Early this month, the federal district court for the Southern District of New York ruled that a New York City law requiring food service industry employers to provide a payroll deduction system for their employees to make donations to non-profit organizations did not violate the First Amendment rights of such employers.
New York City’s law became effective in late 2017. Fast food establishments are required to create and maintain deduction systems. Upon request from an employee, the establishment must deduct a donation to a non-profit organization from the employee’s pay check and remit it to the designated organization. Non-profit organizations that receive funds through the system are required to reimburse employers for the cost of maintaining the deduction system, if requested by the employers.

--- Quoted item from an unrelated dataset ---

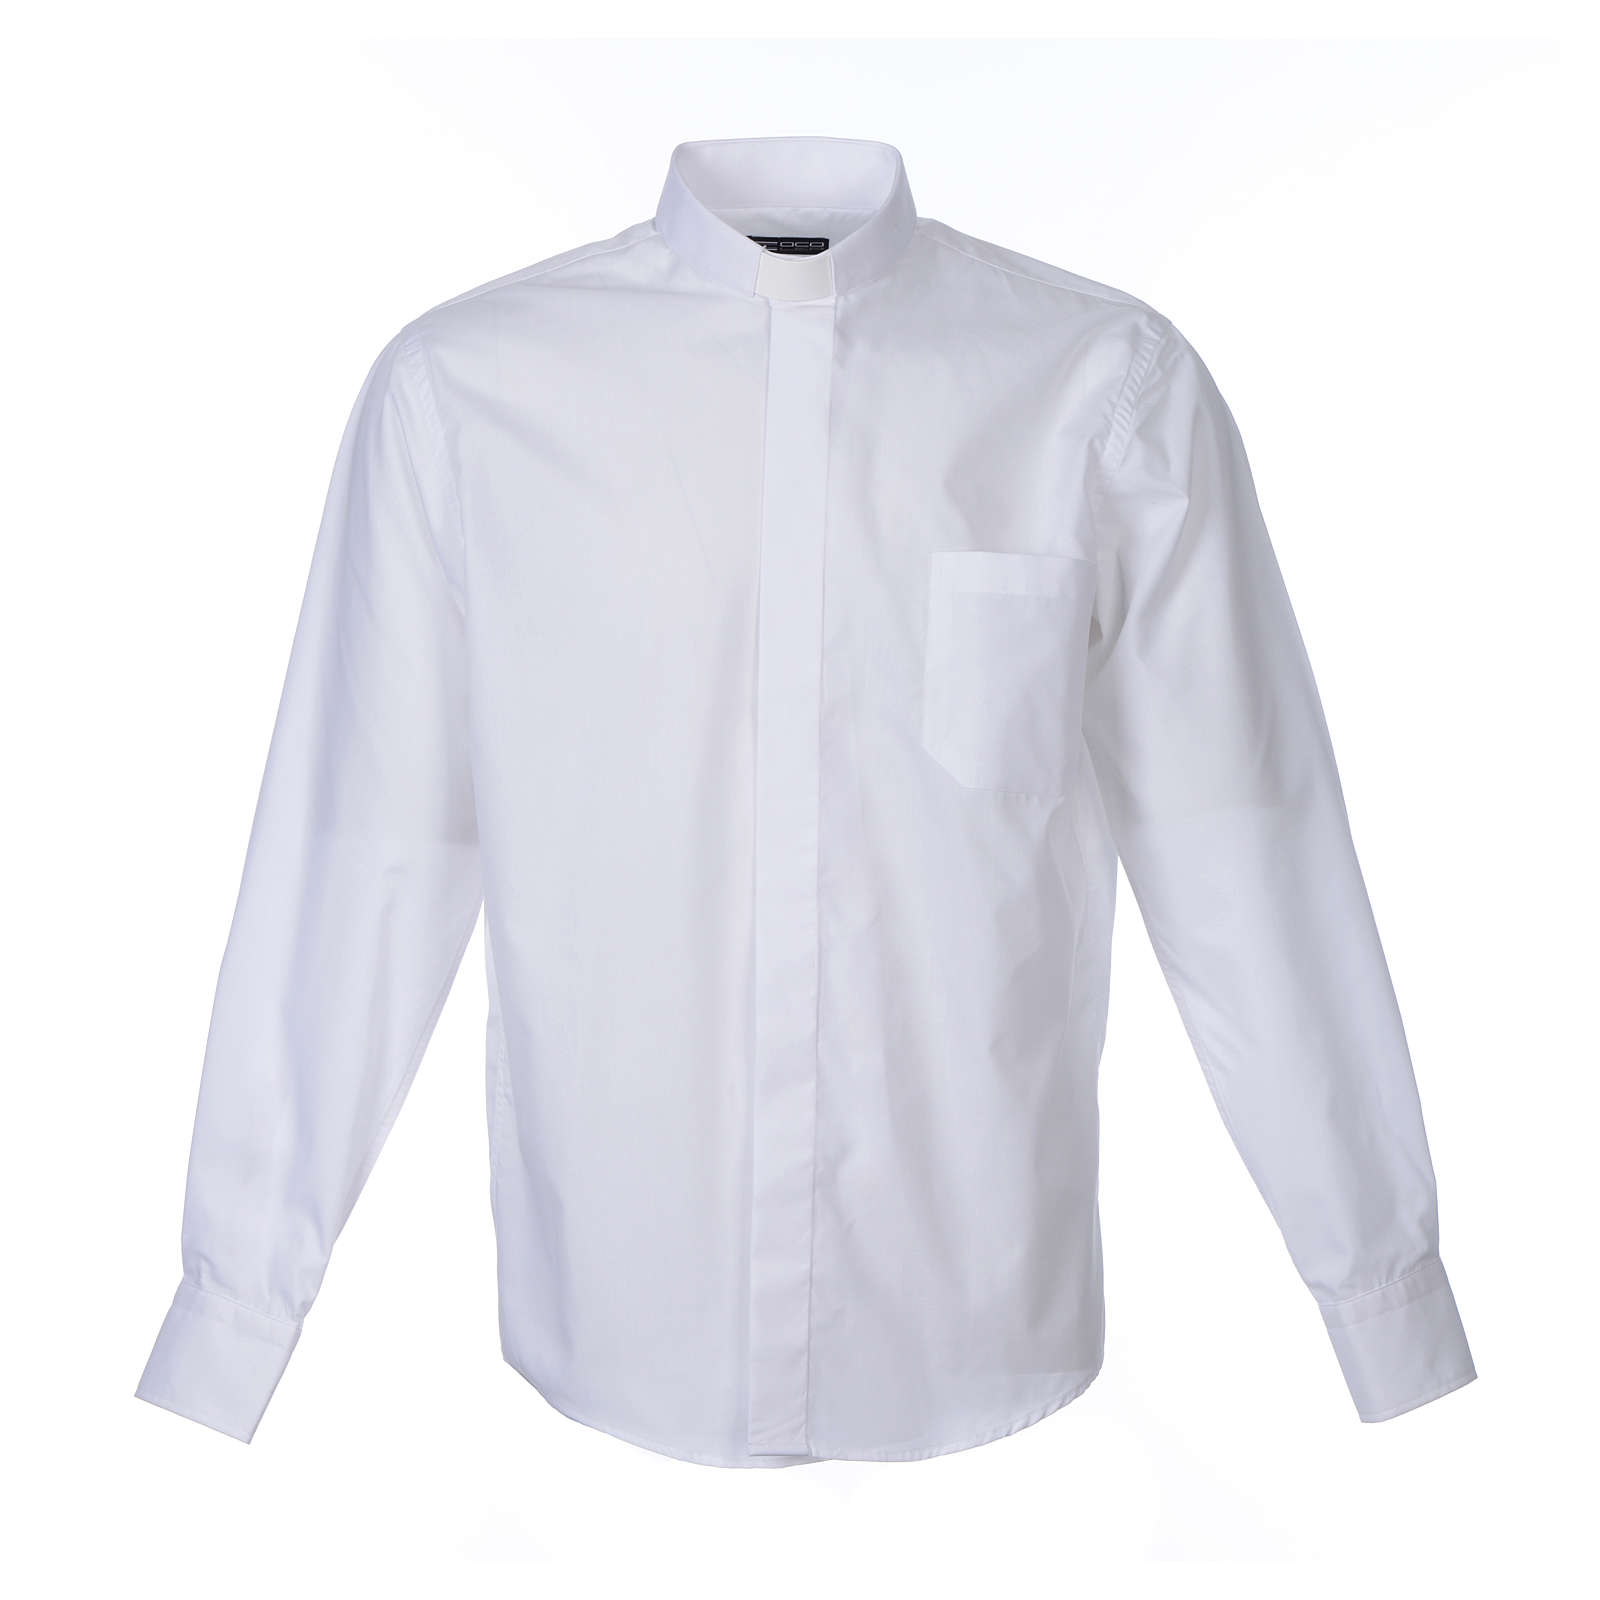 Camicia clergy M. Lunga tinta unita Misto cotone Bianco 4
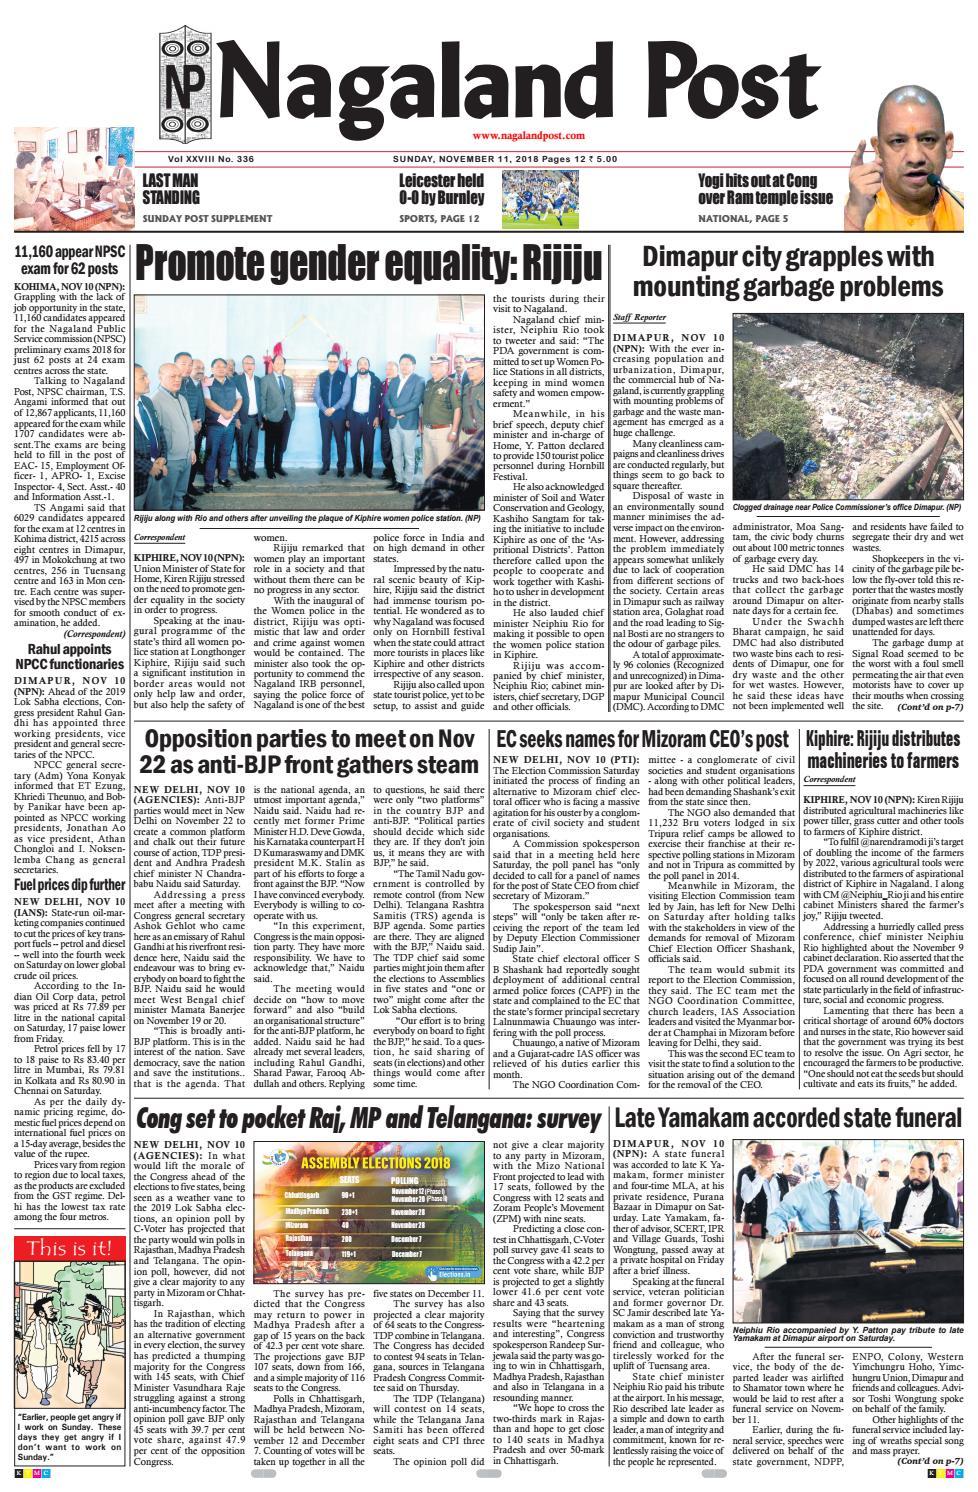 November 11, 2018 by Nagaland Post - issuu

After finding that the trade industry association bringing the claim in question had standing to challenge the law, the court found that it did not violate the First Amendment rights of employers or employees. The plaintiffs principally challenged the law as one compelling speech, arguing that the law requires employers to support non-profit organizations and to repeat employees’ messages. But the court held that the conduct in question—sending a check to an employee’s designated non-profit organization—was not speech. Moreover, even if it were speech, the court found that the mere act of sending money to an employee’s designated non-profit recipient cannot be considered the speech of the employer at all, and therefore is not compelled speech. The court found that the law in question did not put employers at such risk that they would not speak at all—in contrast, the law simply required them to perform a ministerial act of dealing with payroll deductions.
The court also rejected the trade association’s freedom of association and National Labor Relations Act claims.